Aliens Overboard - Flash Fiction
Here's a sample from my Kosmosflot universe, a flash fiction entitled:
ALIENS OVERBOARD
by Viktor Kuprin
After the battle at Attalus III was lost, we retreated with the Tsoor flotilla. Wreckage streamed off the alien ships as we made the mind-wrenching transition into S-space. I closed my eyes, praying that our cruiser wouldn’t shake itself apart.
It was only a micro-jump, just far enough to escape the attacking Helgrammites. The Tsoor group-leader didn’t believe our damaged ships could survive an extended flight. He or it or whatever was right. Three bulkheads ruptured when we re-entered normal space.
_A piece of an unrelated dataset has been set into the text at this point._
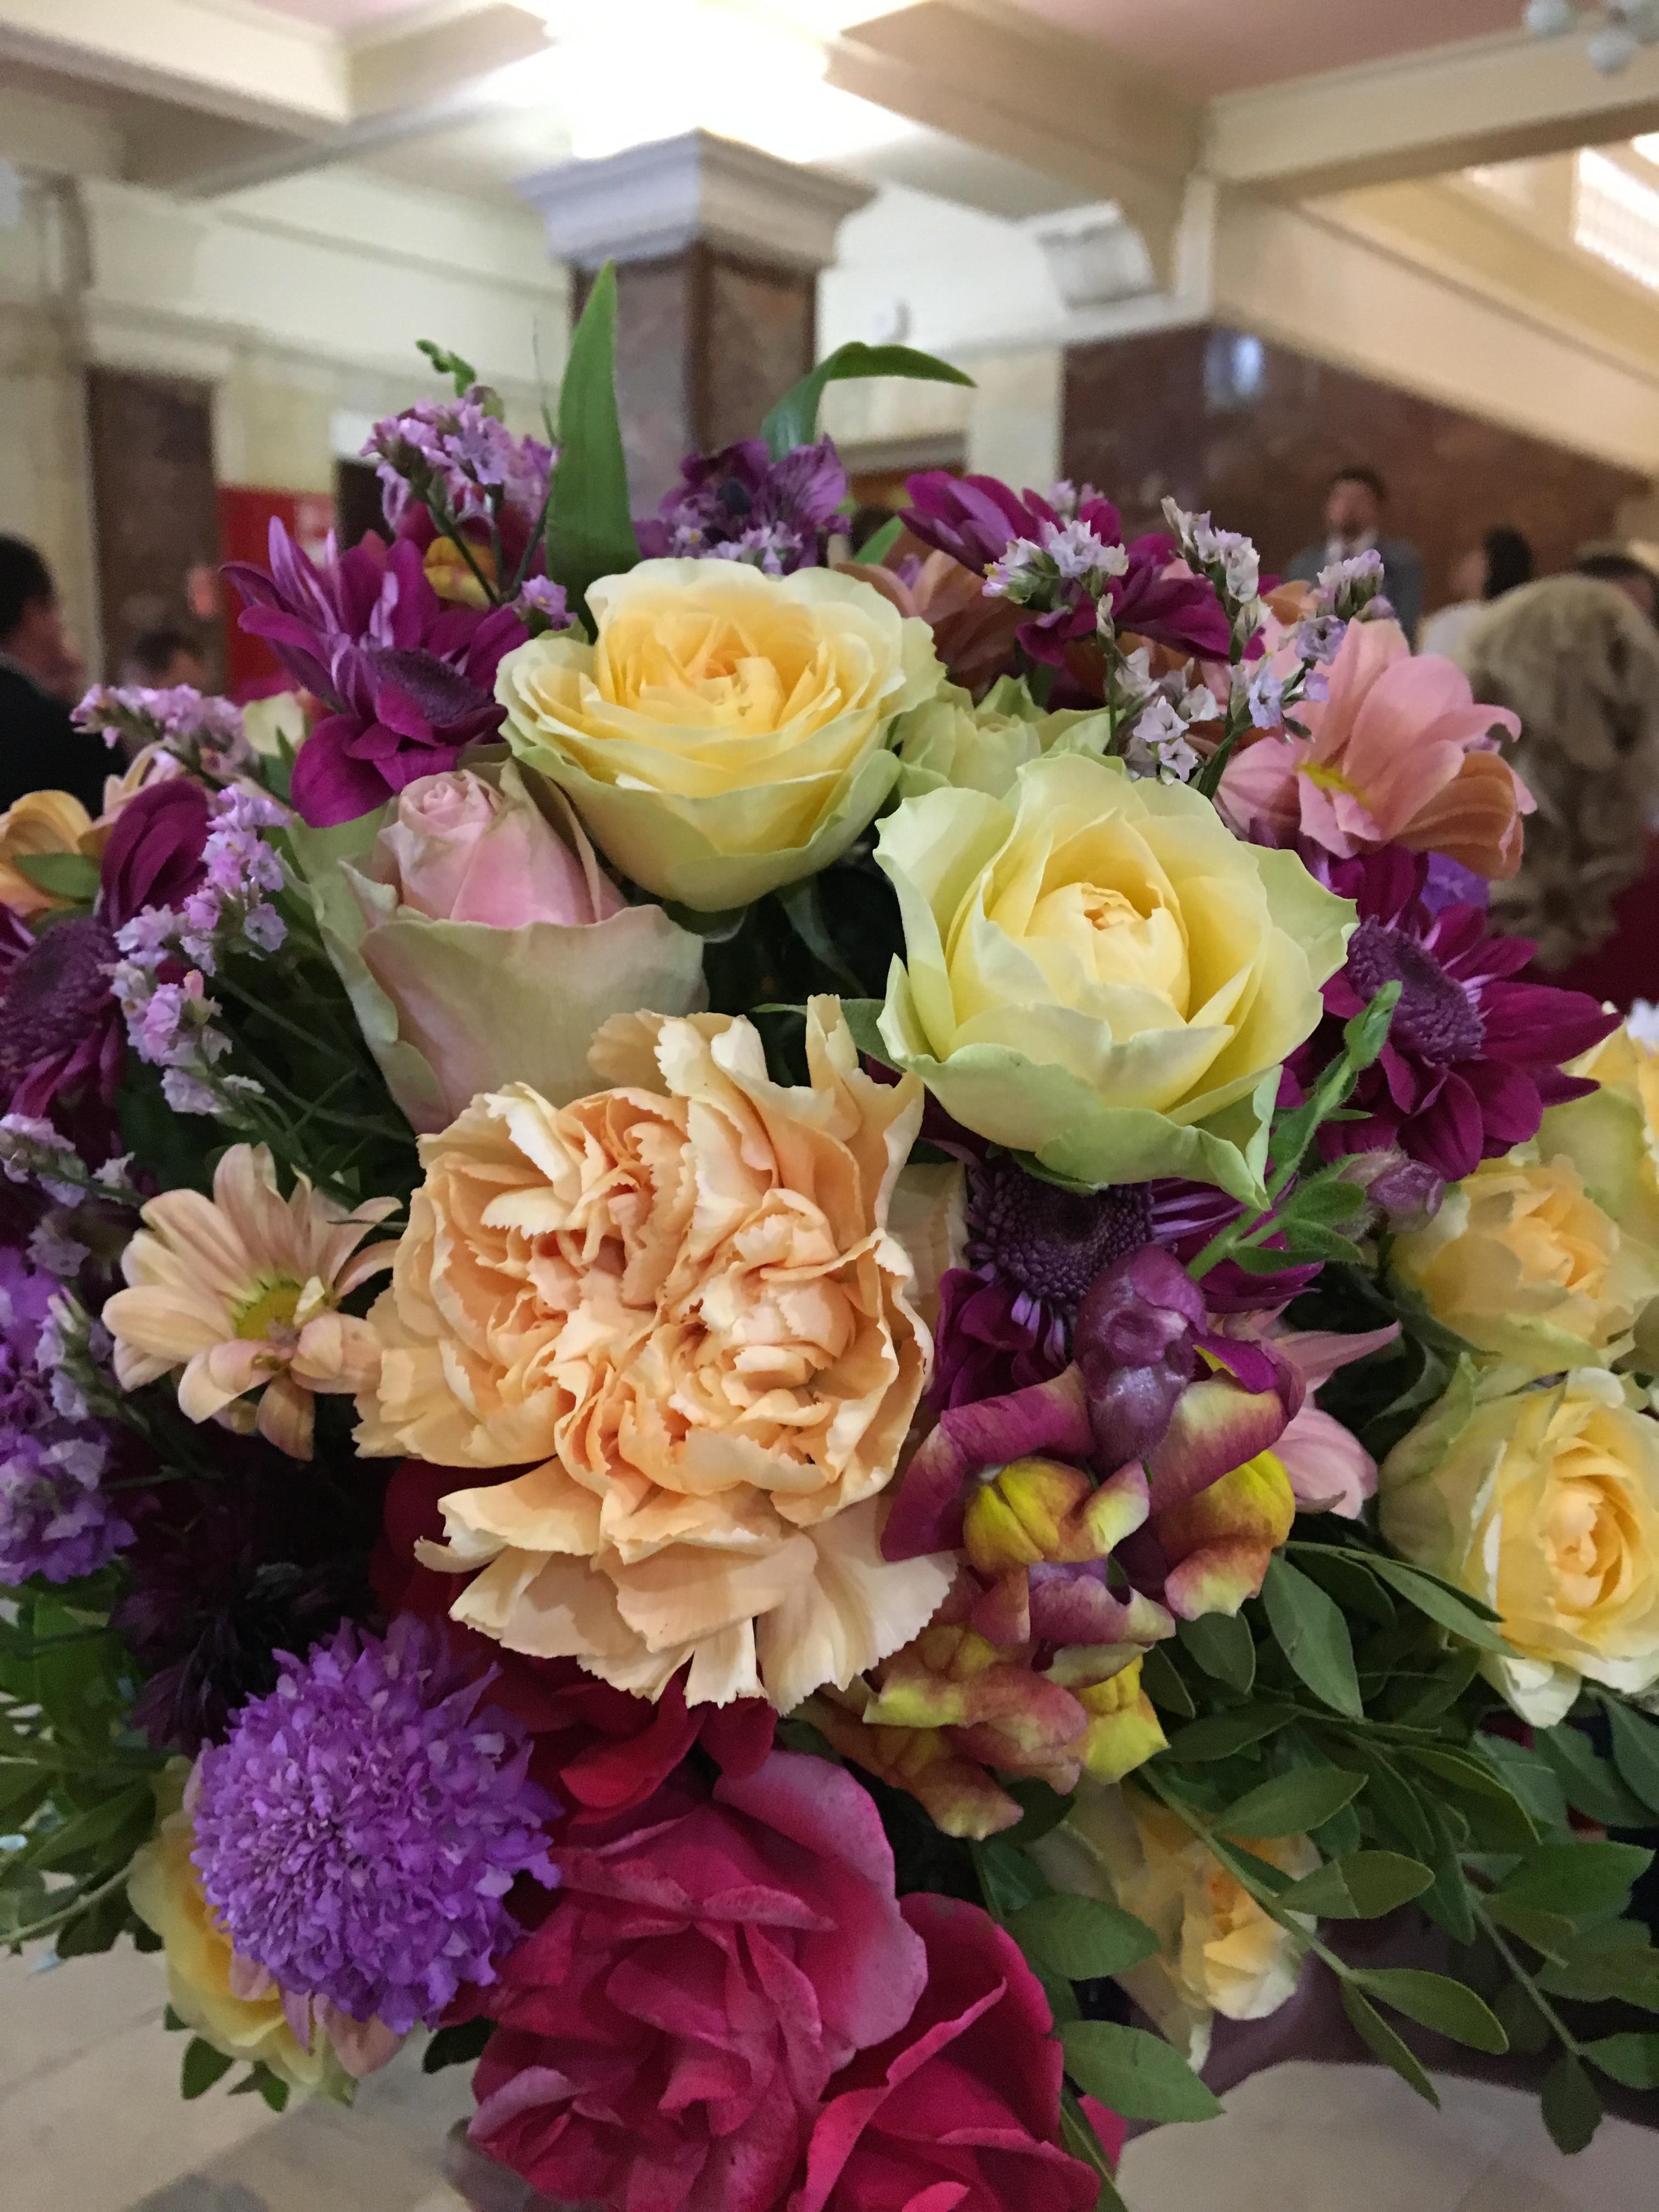 Купить цветы на октябрьской, цветов аша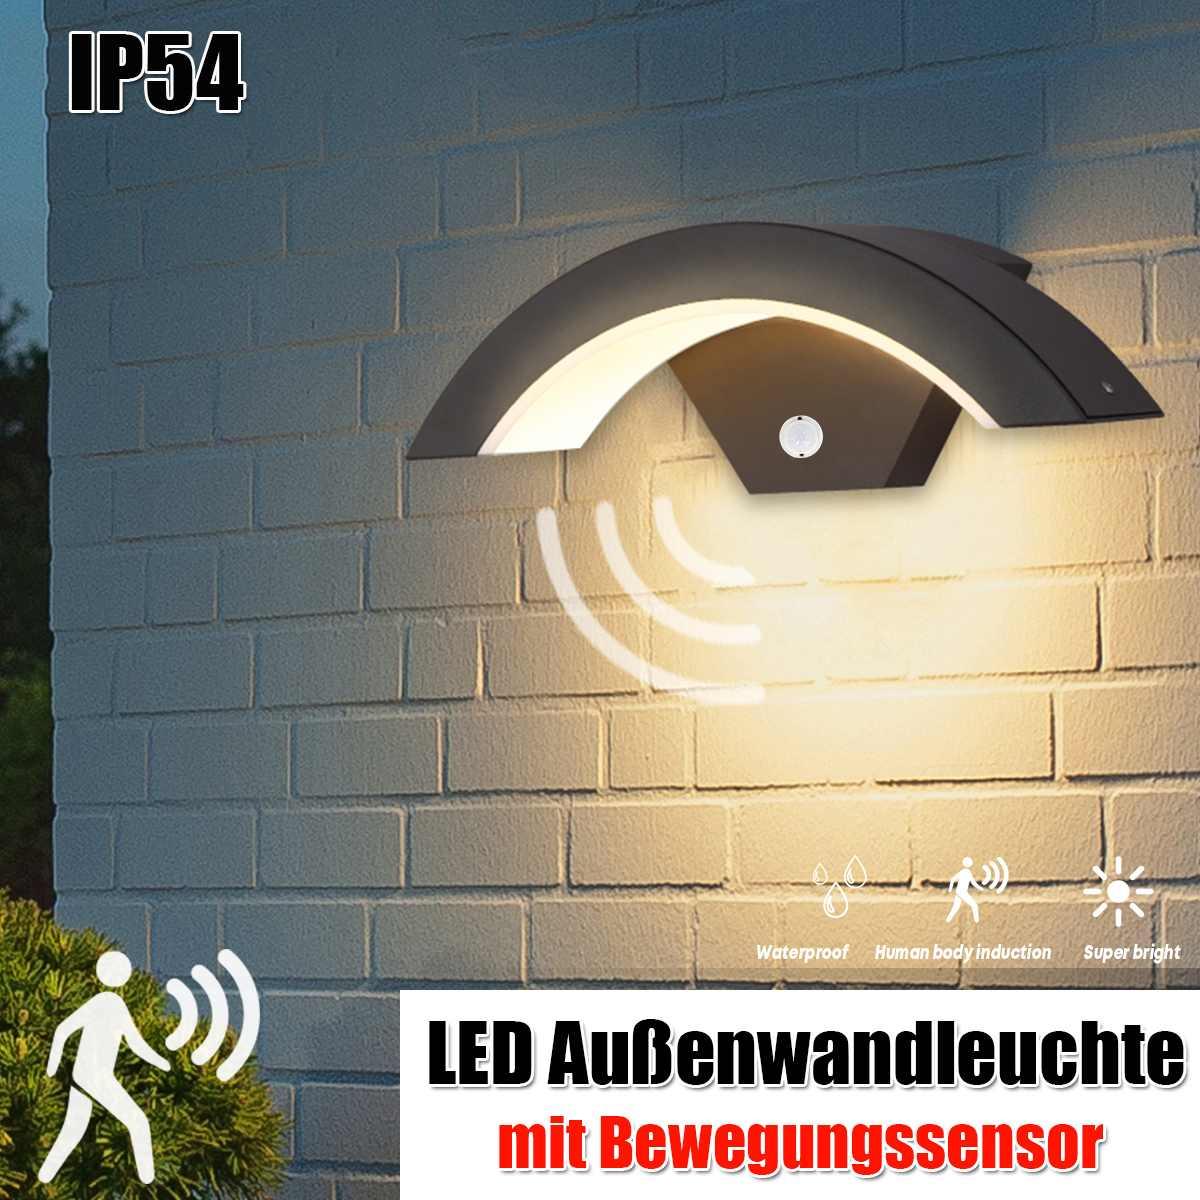 Zewnętrzna ściana światło 15W czujnik ruchu LED kinkiet ogród Yard ganek na zewnątrz ciepłe białe światło wodoodporne IP54 odporne na warunki atmosferyczne

I hoped no one was in them.
A bridge officer called out that we had suffered 40 percent casualties and 60 percent of our systems were red-lined. He had to shout – all intraship comm was offline.
The tech seated beside me yelled, “What are they doing? Captain!” I shouldn’t have, but I and everyone else looked away from our consoles and glanced at the main viewer.
It was one of the Tsoor ships, still surrounded by St. Elmo’s fire. Without waiting for the warp flux to dissipate, our alien allies had sent a repair team out onto their hull. They looked like four jellyfish in bubble-domed vac suits as they struggled on a safety tether. Insane! Yes, Tsoor biology is very different than ours. Even so, I knew they weren’t immune from electrocution or intense radiation. What could kill us was lethal to them, too.
“They’re desperate to send a damage-control team out like that,” said the captain. He nodded toward the chief-of-the-ship. “Send a runner to engineering. We’ve … ” The Tsoor ship lurched off the screen when an entire section of its hull exploded. We watched in silence as the four aliens were thrown into space. They flashed past our ship, tumbling and spinning on the now-useless tether.
The captain stood and shouted, “Man overboard protocol! Full retros!” He turned to face me. “Can we launch a cutter?”
The launch tubes were clear and operational. “Yes, sir.”
“Take Kuzmenko with you. Go!”
Our inertia was great, and the cutter’s engines burned at full thrust for over an hour before we actually started moving toward the alien cast-offs. No one knew how much atmosphere their vac suits carried.
Kuzmenko and I stood in the open hatch, and shot a line toward the drifting aliens. A tentacle-like arm caught it, and gave a yank.
The alien farthest away raised one of its tentacles. It held some kind of metallic tool, a small blade. With a single motion, it slashed the line and pushed off from its three companions.
“What in bloody hell is it doing?” I cried. The first Tsoor grasped its way into the airlock. I pulled them inside.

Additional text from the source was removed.